Chicago Sales Tax: 10.25% Combined — Highest Major U.S. City

This Illinois sales tax calculator uses the 8.86% statewide average, but Chicago has the highest combined sales tax of any major U.S. city at 10.25%: 6.25% state + 1.25% Cook County + 1.25% City of Chicago + 1.0% Regional Transportation Authority (RTA) + 0.5% Metropolitan Pier and Exposition Authority. A $1,000 electronics purchase in Chicago = $102.50 sales tax vs $62.50 in Indiana (just across the border, 7% combined). For groceries, Illinois applies a reduced 1% state rate (one of the lowest grocery tax rates), but Chicago adds local rates so grocery tax in the city = 2.25%. Per Illinois Department of Revenue tax rate lookup, you can verify the exact rate for any Illinois ZIP code.

Illinois Sales Tax Rate by Major City (2026)

Use this 2026 reference table to confirm the combined rate at your destination — the statewide 8.86% average is meaningless if you live in Chicago or shop in the suburbs. Rates sourced from the Illinois Department of Revenue Tax Rate Database:

If you live in a high-rate Cook County suburb and shop a few miles into DuPage (Naperville/Wheaton, 7.75%) or across the IN border (East Chicago, 7.0%), the savings on a single $2,000 appliance is roughly $50–$65. Illinois enforces use tax on out-of-state vehicle purchases though, so border-shopping mostly works for small/medium items.

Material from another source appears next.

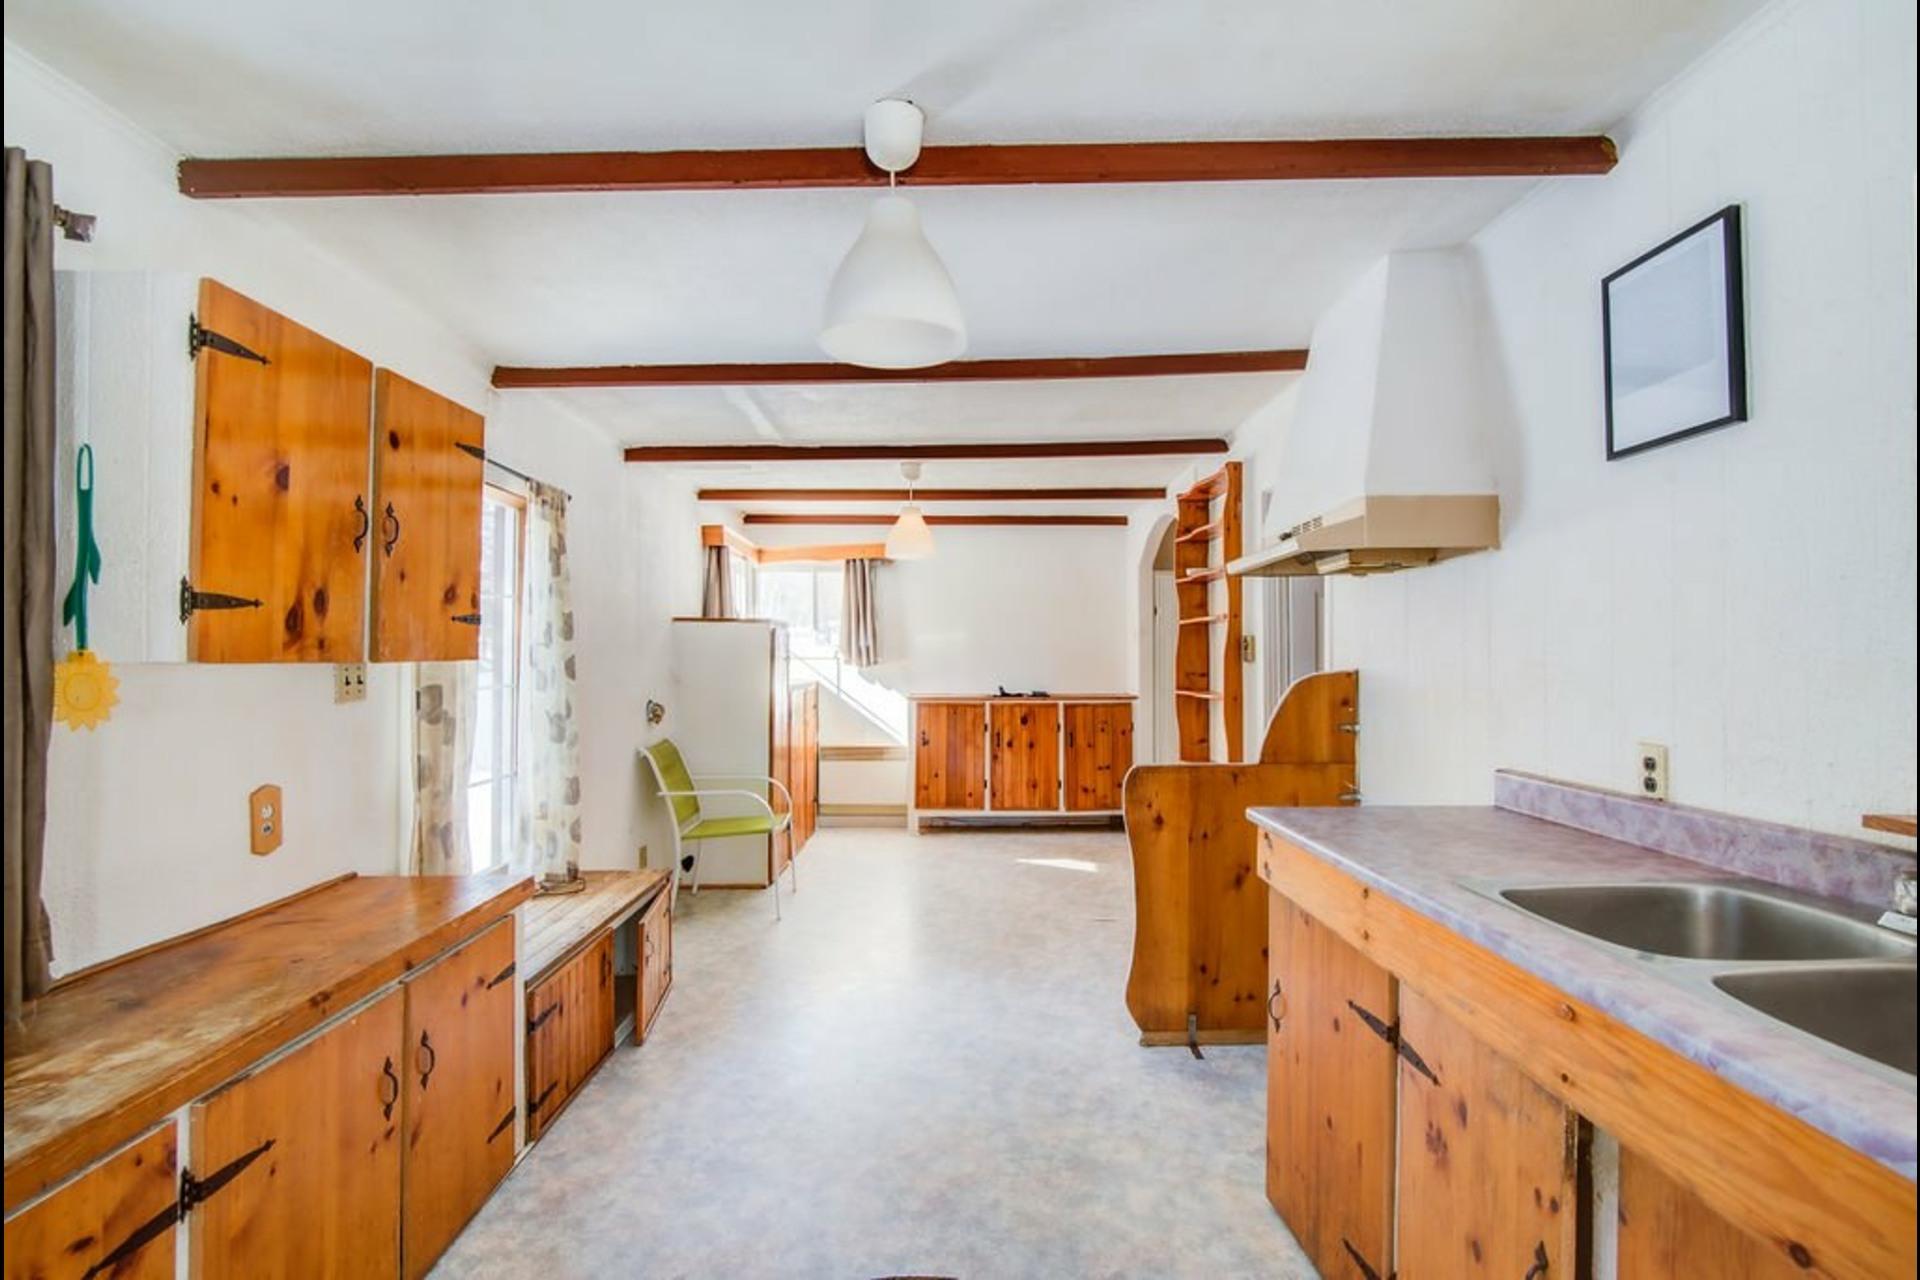 image 8 - House For sale Saint-Calixte - 8 rooms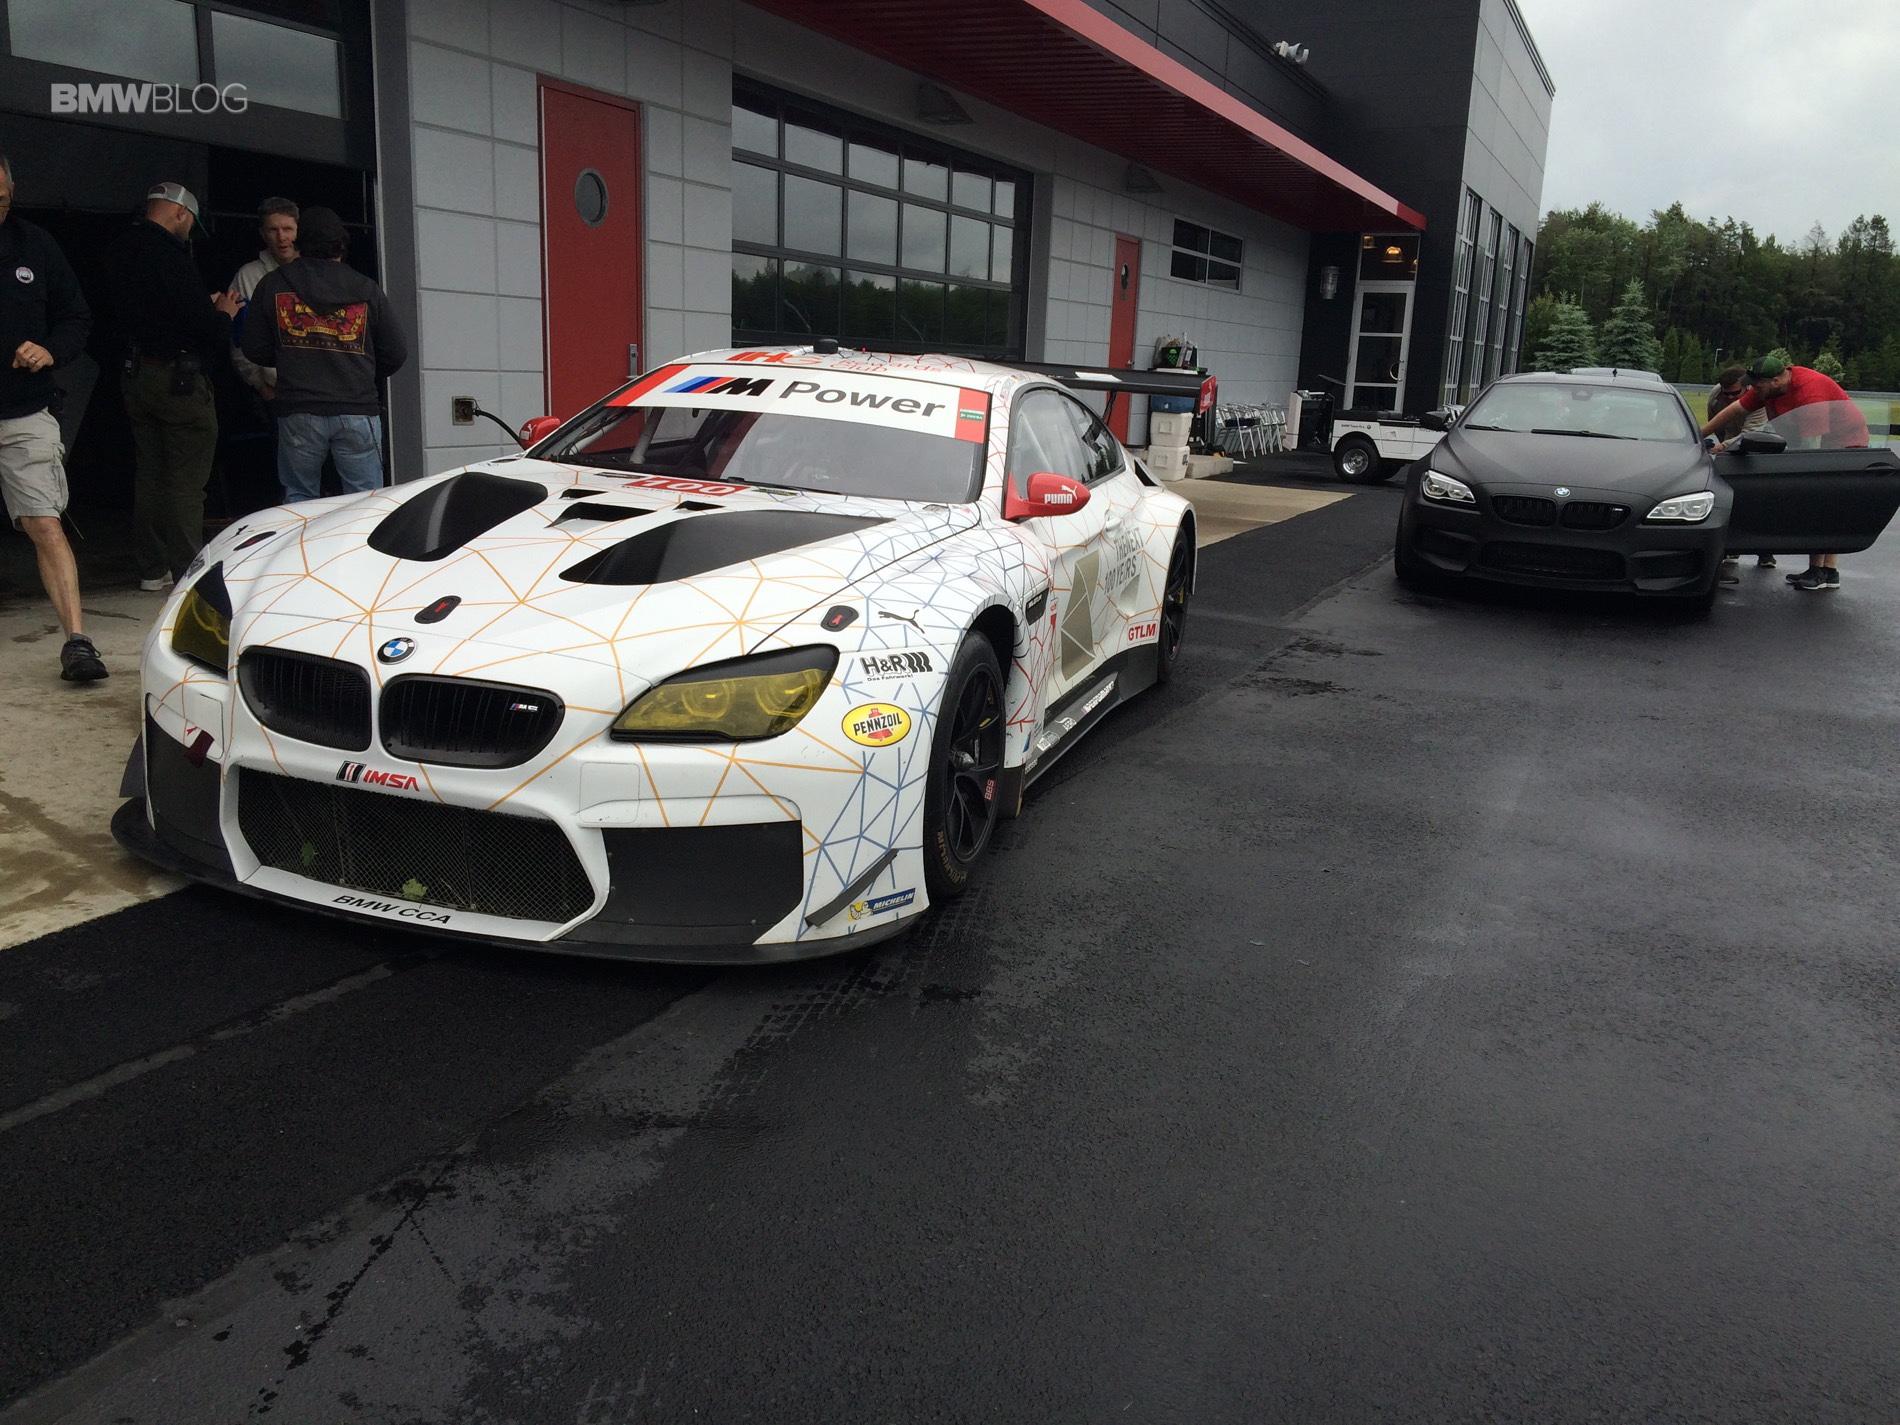 BMW driverless racing cars 3

Updated 2026-06-26.

Illinois Grocery Tax Elimination 2026: What Changed on January 1

Effective January 1, 2026, Illinois eliminated the 1% state grocery tax entirely — the first major change to grocery taxation since 2008. This was passed as part of the FY2026 state budget and applies to all unprepared food items sold for home consumption (see Illinois Department of Revenue publications). However, LOCAL grocery taxes (typically 1.25% in Chicago and Cook County) remain — so a grocery bill in Chicago is now 1.25% instead of the previous 2.25%. Downstate cities without local grocery add-ons (Peoria, Rockford, Champaign) now have TRUE $0 grocery tax. Restaurant meals, candy, soft drinks, and prepared foods still tax at the full combined city rate (10.25% in Chicago, 7.75%–9.75% elsewhere). This is one of the largest state-level consumer tax cuts of 2026 and saves an average Illinois household roughly $80–$120/year on groceries. Updated 2026-07-12.